Manually ordering a dwarf to perform a specific series of actions that can't be presaged in the raws/code might be the only way to save your fort and might be a reasonably orderable action made by some official, but that kind of power can degrade the atmosphere we want to build. It's going to depend on the specific cases, but for the sake of guiding discussion on a wide range of future topics, I think it's best that the player feels that a dwarf's autonomy is being respected. The thing that makes dwarf mode not strictly a hands-off simulation is that you are allowed to compromise dwarves' autonomy if they hold fortress positions, to the extent that you are selecting actions that fall within their position's purview. If an order typically makes it feel like the dwarves are being controlled like marionettes, forced to do things against their will, etc., the order should probably be altered or removed. Presently, there are a ton of things that dwarves don't care about that they should care about, but this is the overall idea.
In general, the player tends to act as mayor or expedition leader more than anything. The military screen is at least hypothetically the militia commander, while the medical screen is hypothetically the CMD, as well, but these all have transitions of power so rapid that you might not even notice losing your militia commander in a pitched battle.

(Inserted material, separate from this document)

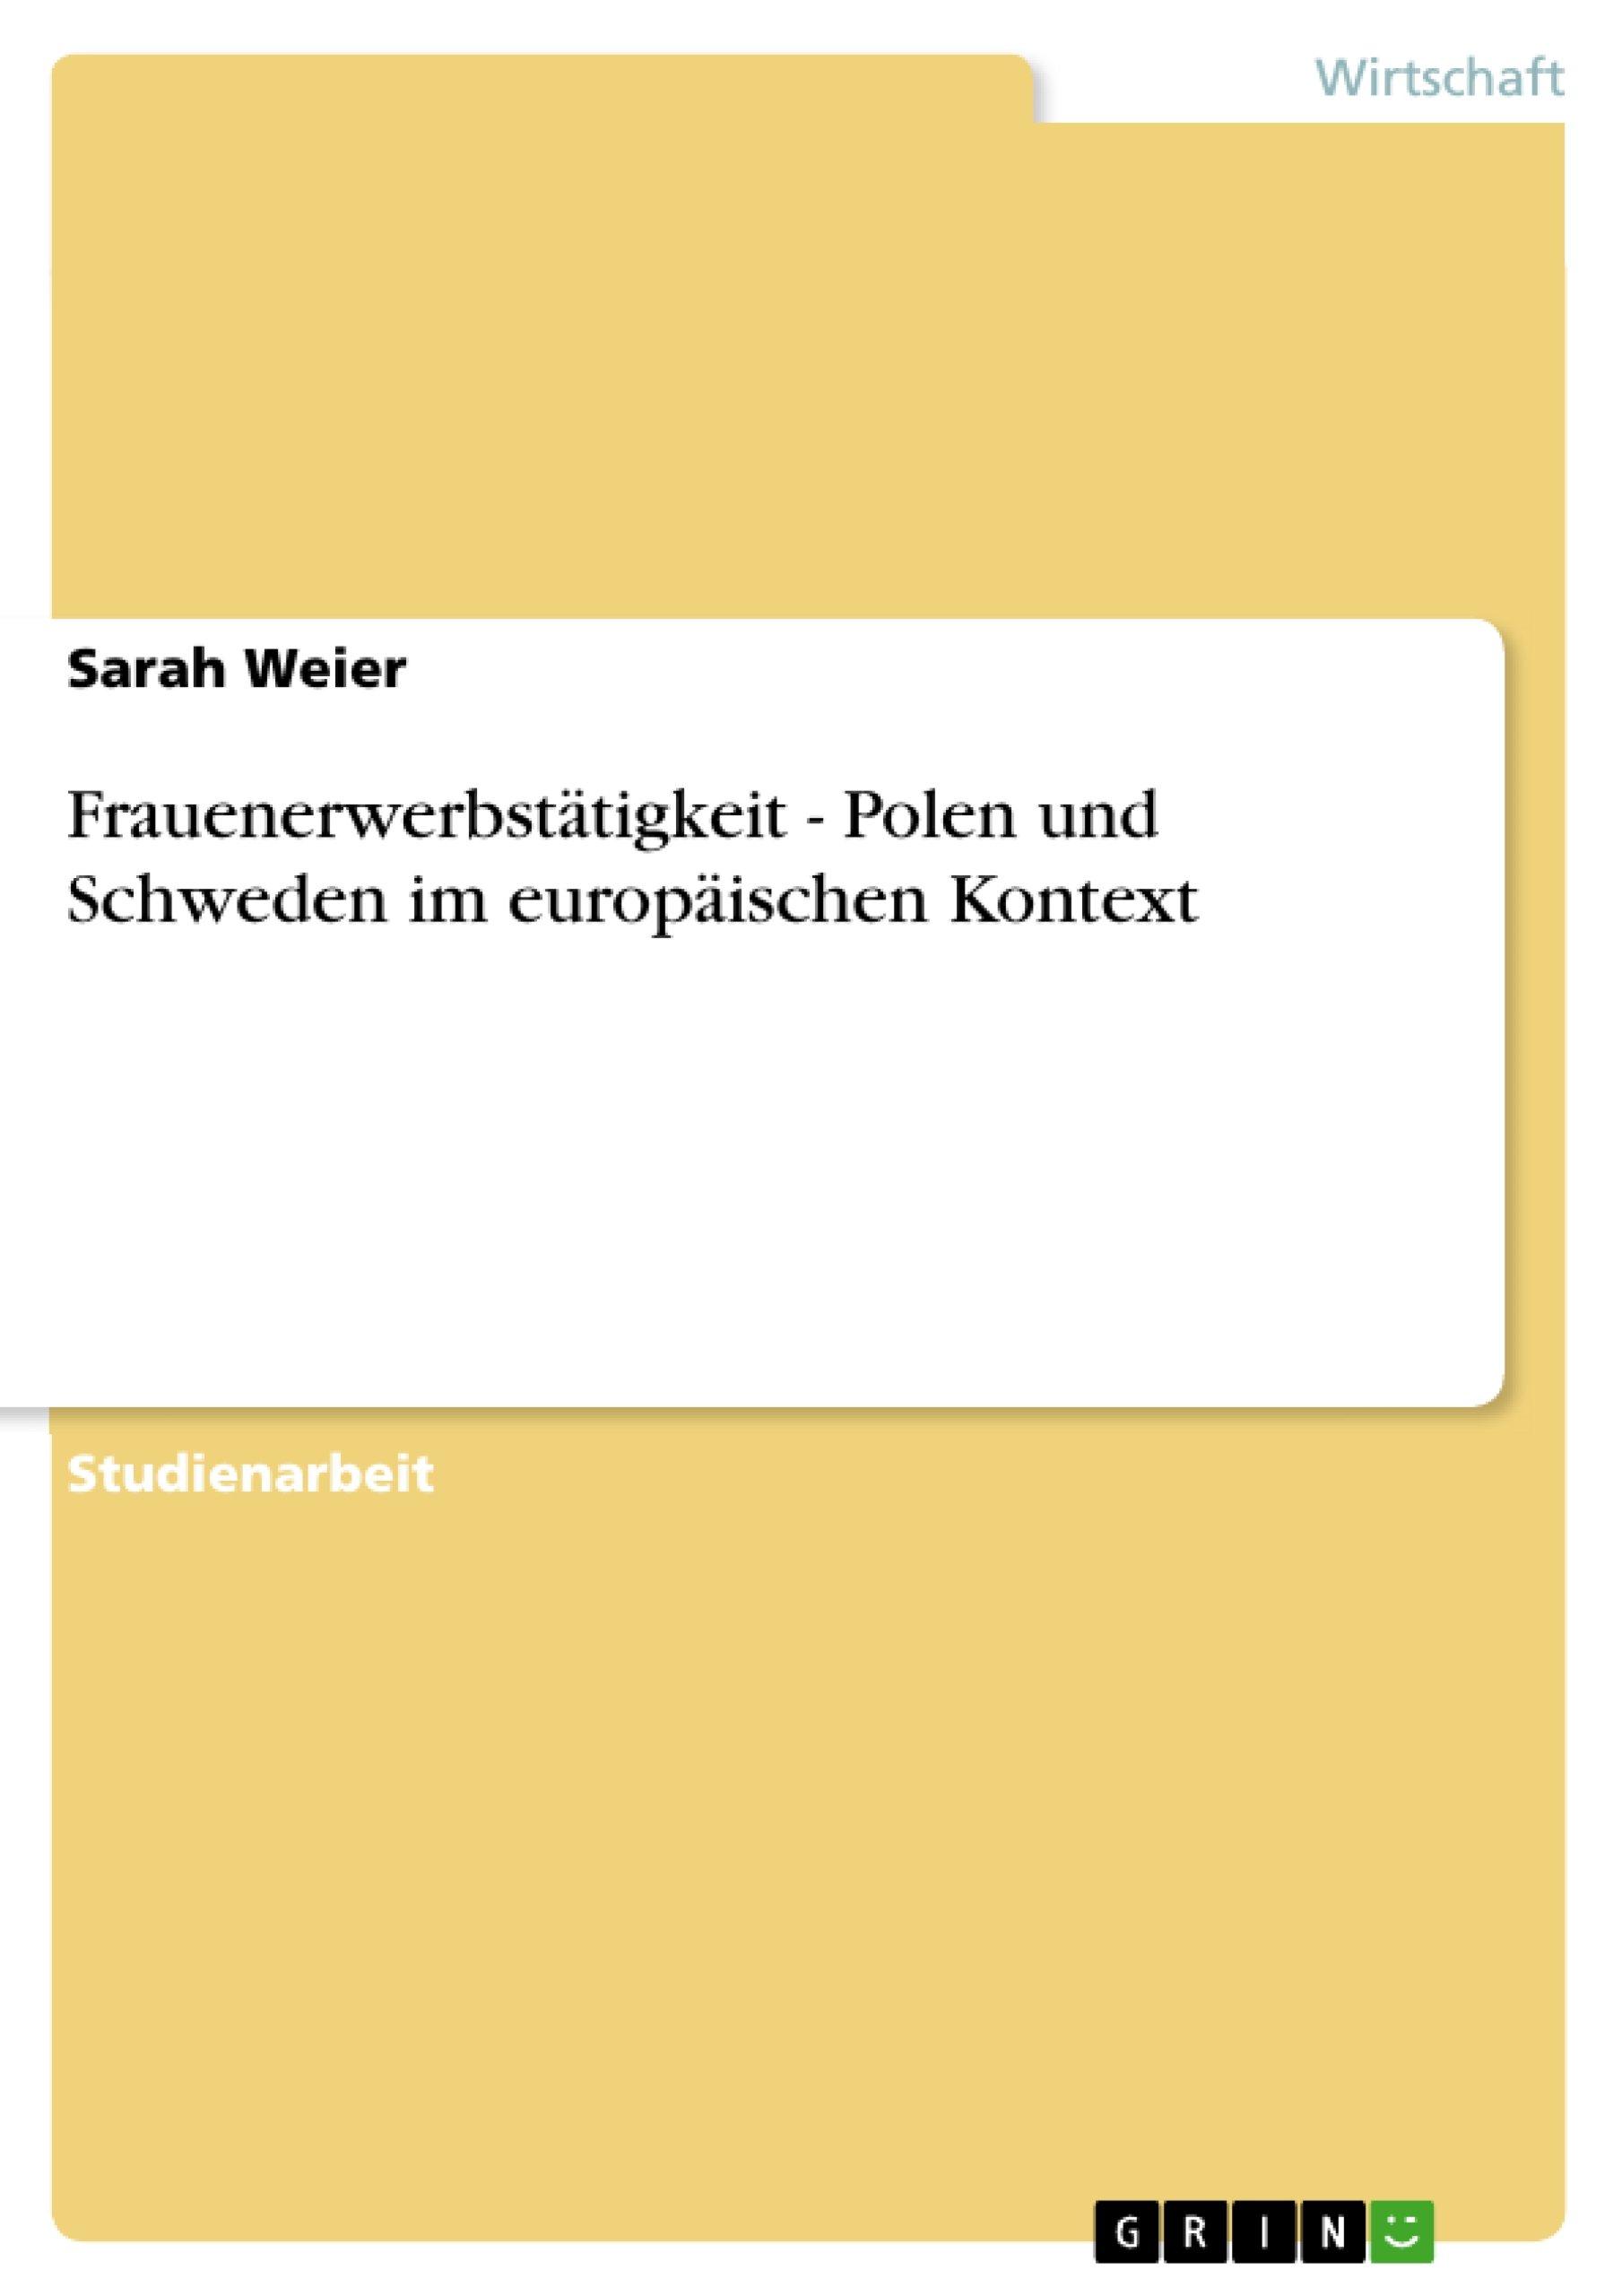 Frauenerwerbstätigkeit - Polen und Schweden im europäischen Kontext (German Edition)

The baron or monarch presents more interesting options, though. They're dwarves that generally don't do anything, anyway, so attaching some responsibilities to them which aren't actual mind control, but can cause more direct capacity to command that dwarf to go places or do things because they are the player's more direct avatars in the game would be interesting.
Currently, when you use the manager, for example, your orders don't actually take place until your manager has gone to their desk and written down those orders, because the manager "is you" in that case. Having the baron or monarch actually need to perform some observable action as your orders are carried out would be an interesting change, and help explain why they aren't just "useless nobles", but simply performing more vital jobs than hauling at the moment.
The question would be what, exactly, they're doing, however. You can already perform most fort functions with nothing but an expedition leader who takes no time out to manage the other dwarves.
You're suggesting a few things, with who an order is given to, but isn't that something that already exists with profile managers? Or are we talking about some different type of order, and if so, which?
I'd also be a little loath to take away priority until you have barons. There needs to be something that becomes activated with the baron's arrival that isn't necessary in smaller forts.